Plus he needs what we call a 'hide'. A house for him to go in to for privacy and to sleep in. Some use half logs (pet store) I use some logs, some wooden hand built and some plain cardboard boxes with a door cut in them. He needs to feel safe and secure. So it should be big enough for him, but small enough for him to feel safe and secure. Makes for a happy tortoise, and in my tortoise keeping it's a necessary item.
If you can't find small grade orchid bark at one of the big box stores, or a nursery, you can get coir at a pet store. Don't really buy stuff from them, these 2 items are ok to get, but a pet store's job is to sell you crap you don't need and give you bad advice. I mostly shop on line or Pet Smart for easy stuff. I NEVER listen to any clerk give me reptile advice tho....keep asking questions, that's what some are here for and you'll get the correct advice here. Tom gave you 2 important links, read them. And welcome, what state are you in?


----------



## Anyfoot (Mar 20, 2016)

Tom said:


> Rheostats are an inline dial that reduces the voltage going to the bulb. So if you use a 100 watt bulb and have the rheostat turned all the way up, you get the full 100 watts of heat and light. As you adjust the rheostat down, less current goes to the bulb, so the bulb gives off less heat and light. This is another reason why I like the idea of a long florescent tube to be used in conjunction with a rheostat set up. They can get a little dim sometimes and the florescent tube will keep things brighter for the animals.
> 
> By contrast, a thermostat simply turns the power on when the temperature drops below the set point, and turns the power off when the temperature rises above the set point.
> 
> A timer can be used in conjunction with either a rheostat or thermostat. This can help to maintain a warmer daytime ambient temperature, but still allow a night time drop for species that need it, like Testudo.


Thanks Tom. I wasn't aware of a rheostat. I use pulse proportional, but they cant be used with bulbs. Cheers. 
Sorry for butting in @Mcgeo


----------



## lisa127 (Mar 20, 2016)

I have rheostats hooked up to all my heat lamps usually. It makes things easier. At a distance of only 7 inches I don't see how you can use much more than 25 to 40 watts without it being too intense. Also, a higher wattage bulb positioned higher up will help raise your ambient temps. A low wattage bulb 7 inches above will not.


----------



## Mcgeo (Mar 20, 2016)

Thanks so much for all your replies  I'm actually from London, England so hi all! I do have a safe place and a few little hides but they are not in the pic as I was just filling it up. I've found a little lunch box with a gap to go in and out works really well for my little guy. Can't wait to get it all finished properly and know that he's okay! I've bought a long uv light today to fit in the centre which I can dim down in the evening until it eventually switches off for night time and I've got a controlled heat dial so now I just need to messuage the temp that's reaching him to ensure its right! Thanks for all your help. The pet store was rubbish so will be buying online from now on, if they've given me wrong information about his living substrate then I don't really trust much else!


----------



## Mcgeo (Mar 20, 2016)

Is this the Coco coir I need to purchase? And how often does it need changing?


----------



## Anyfoot (Mar 20, 2016)

Mcgeo said:


> Is this the Coco coir I need to purchase? And how often does it need changing?

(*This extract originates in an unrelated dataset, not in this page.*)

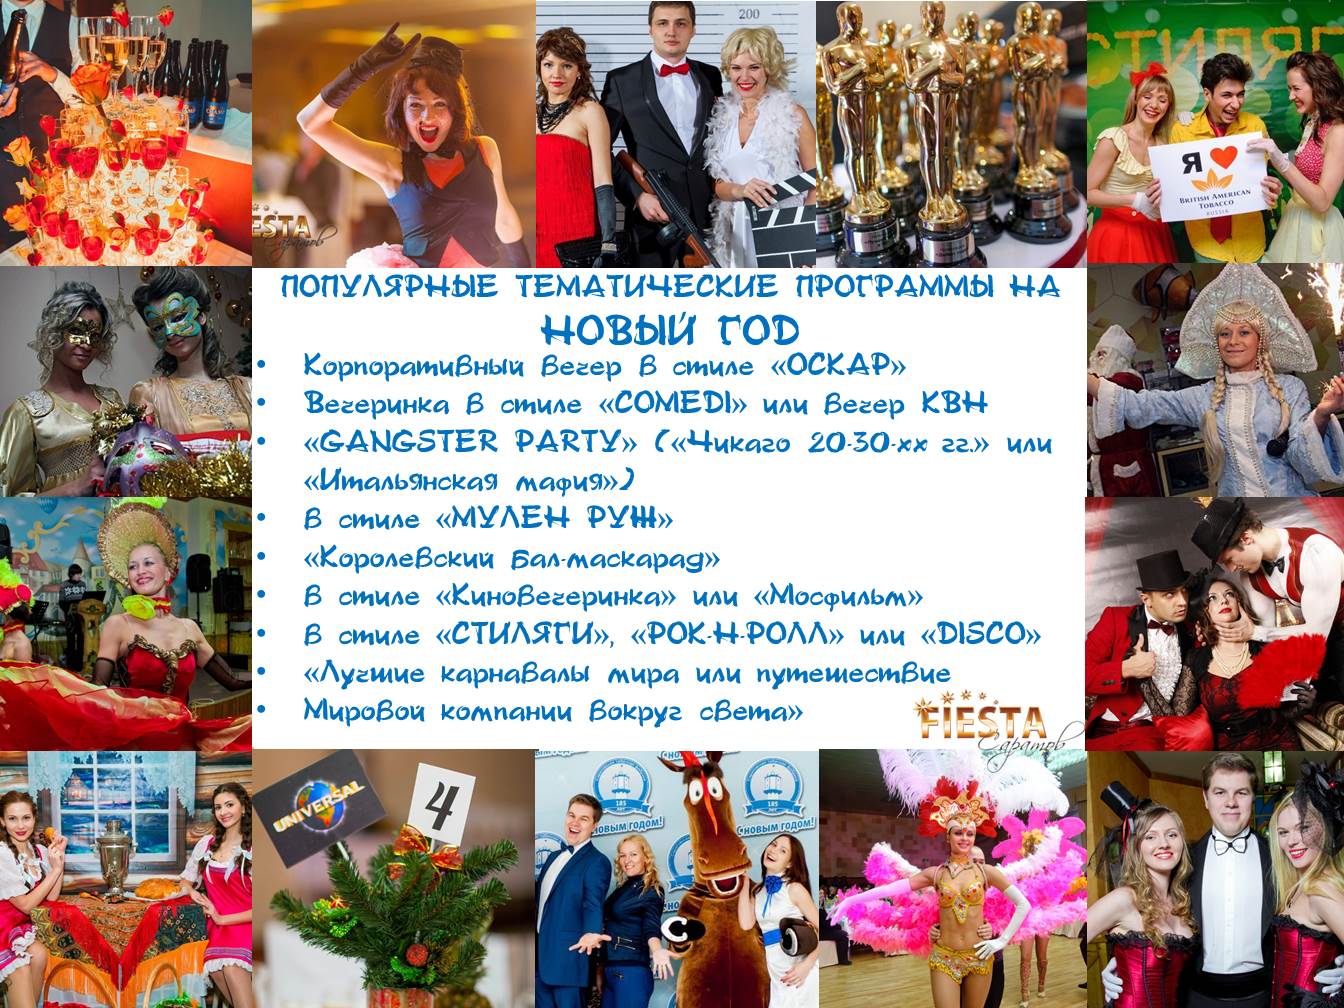 Novogodišnja korporativna zabava 2020: kako se zabaviti i lijepo proslaviti u Čeljabinsku

You can get the same stuff from homebargains at about a 3rd of the price. Less if you can get bulk bags. 
If you spot clean all the poop and old food every day you won't need to change it for ages. Like a year.


----------



## Anyfoot (Mar 20, 2016)

Mcgeo said:


> Thanks so much for all your replies  I'm actually from London, England so hi all! I do have a safe place and a few little hides but they are not in the pic as I was just filling it up. I've found a little lunch box with a gap to go in and out works really well for my little guy. Can't wait to get it all finished properly and know that he's okay! I've bought a long uv light today to fit in the centre which I can dim down in the evening until it eventually switches off for night time and I've got a controlled heat dial so now I just need to messuage the temp that's reaching him to ensure its right! Thanks for all your help. The pet store was rubbish so will be buying online from now on, if they've given me wrong information about his living substrate then I don't really trust much else!


That stat is what I use for my vivs, never had a problem yet.


----------



## Mcgeo (Mar 20, 2016)

Anyfoot said:


> You can get the same stuff from homebargains at about a 3rd of the price. Less if you can get bulk bags.
> If you spot clean all the poop and old food every day you won't need to change it for ages. Like a year.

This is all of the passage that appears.